Mineralogy and geochemistry of hot spring deposits at Námafjall, Iceland: Analog for sulfate soils at Gusev crater, Mars

1George L. Carson,1Lindsay J. McHenry,2Brian M. Hynek,1Barry I. Cameron, 1Chase T. Glenister
American Mineralogist 108, 637-652 Link to Article [http://www.minsocam.org/msa/ammin/toc/2023/Abstracts/AM108P0637.pdf]
1Department of Geosciences, University of Wisconsin-Milwaukee, 3209 N. Maryland Avenue, Milwaukee, Wisconsin 53211, U.S.A.
2Laboratory for Atmospheric and Space Physics, University of Colorado Boulder, 1234 Innovation Drive, Boulder, Colorado 80303, U.S.A.
Copyright: The Mineralogical Society of America

Iceland’s Námafjall geothermal area exhibits a range of alteration environments. Geochemical and
mineralogical analyses of fumaroles and hot springs interacting with Holocene basaltic lavas at Hverir,
and with Pleistocene hyaloclastites atop nearby Námaskarð hill, reveal different patterns of alteration
depending on water-rock ratio, degree of oxidation, and substrate composition and age. The focus of
this study is on the mineral deposits at and near hot springs at Hverir and Námaskarð. Surface samples,
and samples collected from shallow pits in the alteration aprons adjacent to hot springs, were analyzed
by X-ray diffraction (XRD) and X-ray fluorescence (XRF) to constrain the differences in composition
with both distance and depth. Fluids were analyzed in the field for their environmental parameters and
sampled for cation and anion analysis. Fluid analyses revealed uniformly acidic conditions but with
site-to-site variation in other parameters such as temperature, salinity, and conductivity. Solid phases
identified include amorphous silica, pyrite, elemental sulfur, and kaolinite in the muds, surrounded by
Fe2+-sulfate and then Fe3+-sulfate efflorescence, following a redox gradient pattern involving the oxidation of sulfur and then iron with increasing distance. Shallow pits excavated near two Námaskarð hot
springs reveal a shallow oxidation front, with sulfide-rich materials below a thin surface of sulfates and
elemental sulfur. Silica phases include amorphous silica and quartz. Quartz likely reflects diagenetic
maturation of earlier-formed amorphous silica, under surface hydrothermal conditions.

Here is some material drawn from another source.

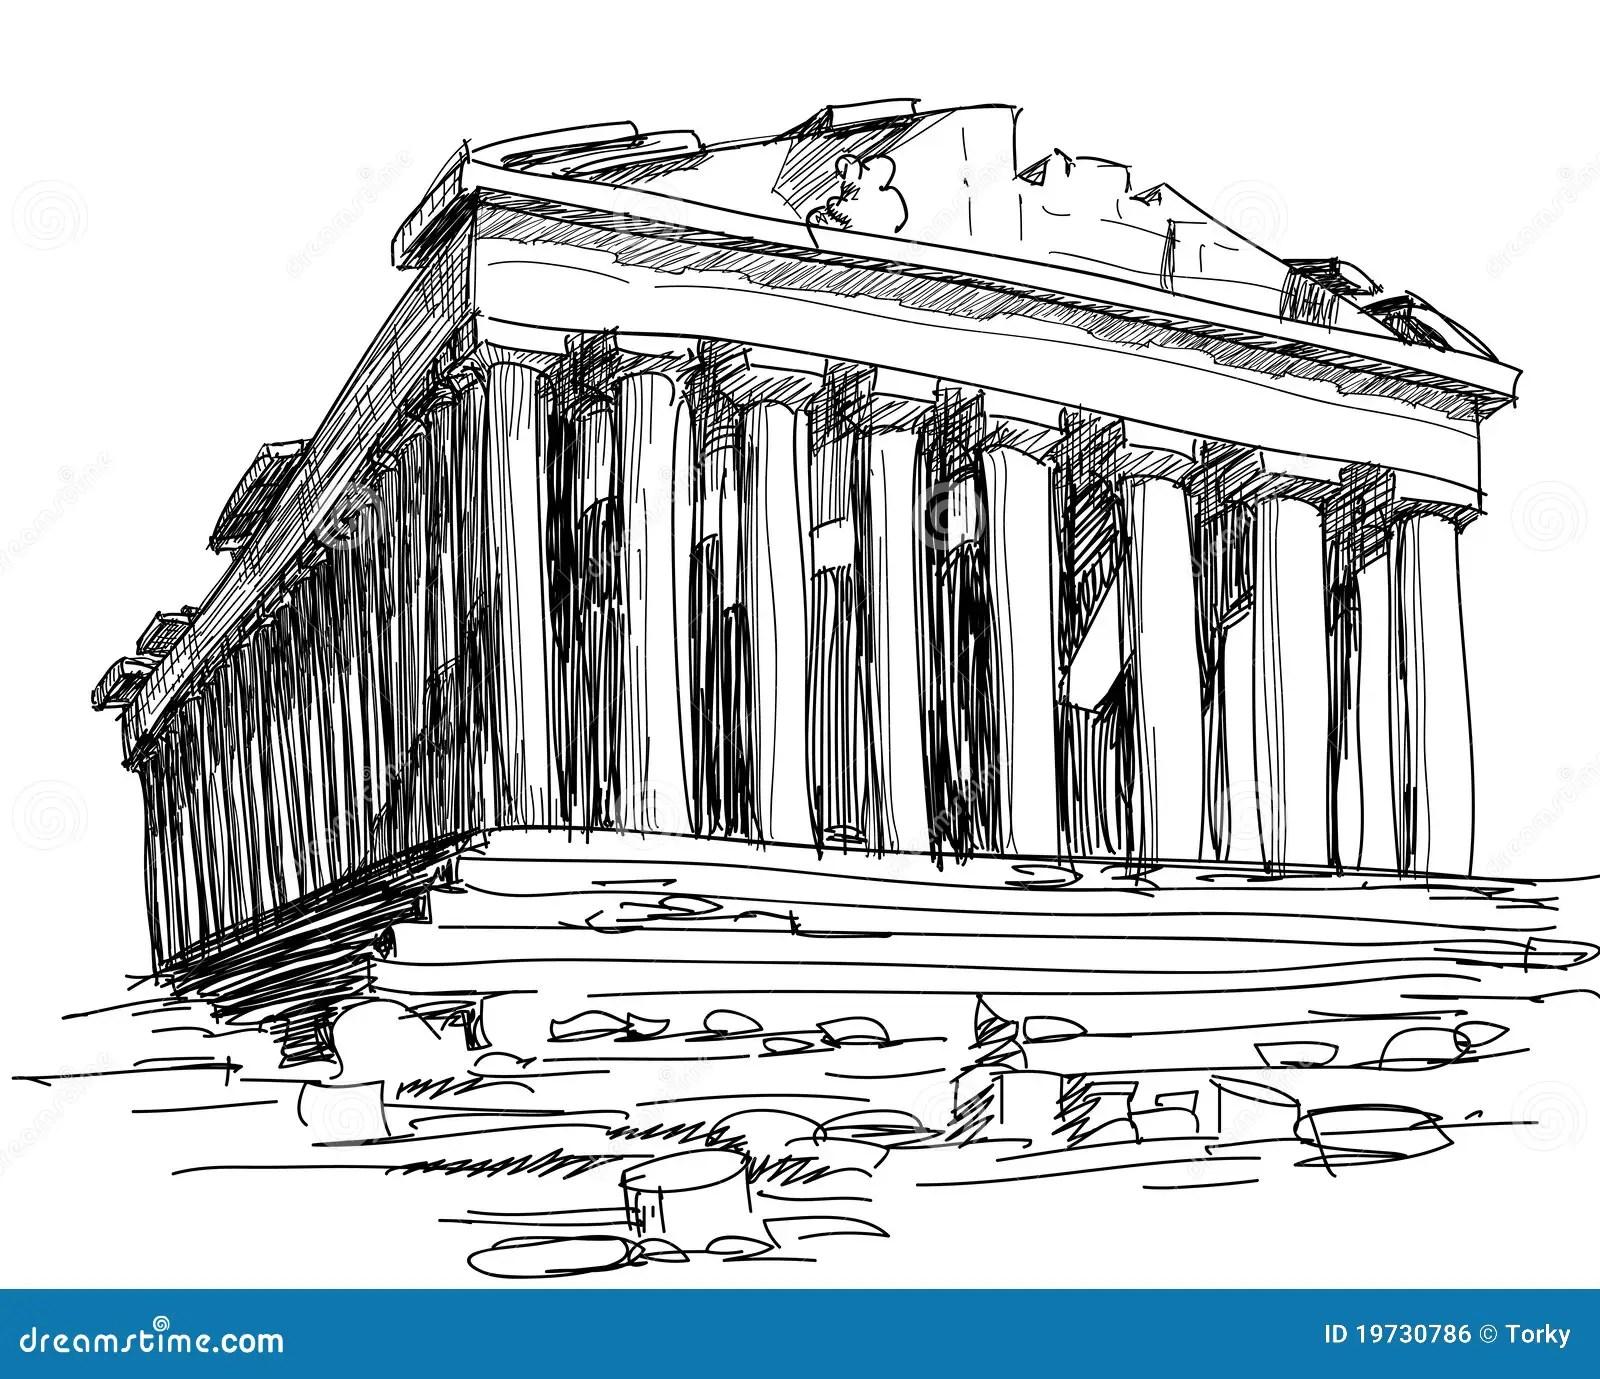 Griechenland Parthenonskizze Vektor Abbildung

The high iron content of the substrate basalt and the prevalence of Fe-sulfates and Fe-oxides among
the alteration products make this geothermal area an especially useful analog for potential martian
hydrothermal environments. In particular, these sulfate-rich deposits adjacent to volcanic, acidic hot
springs could provide a helpful comparison for sulfur-rich soils in the Columbia Hills on Mars, where
some of the same minerals have been identified (e.g., ferricopiapite) or inferred (e.g., rhomboclase).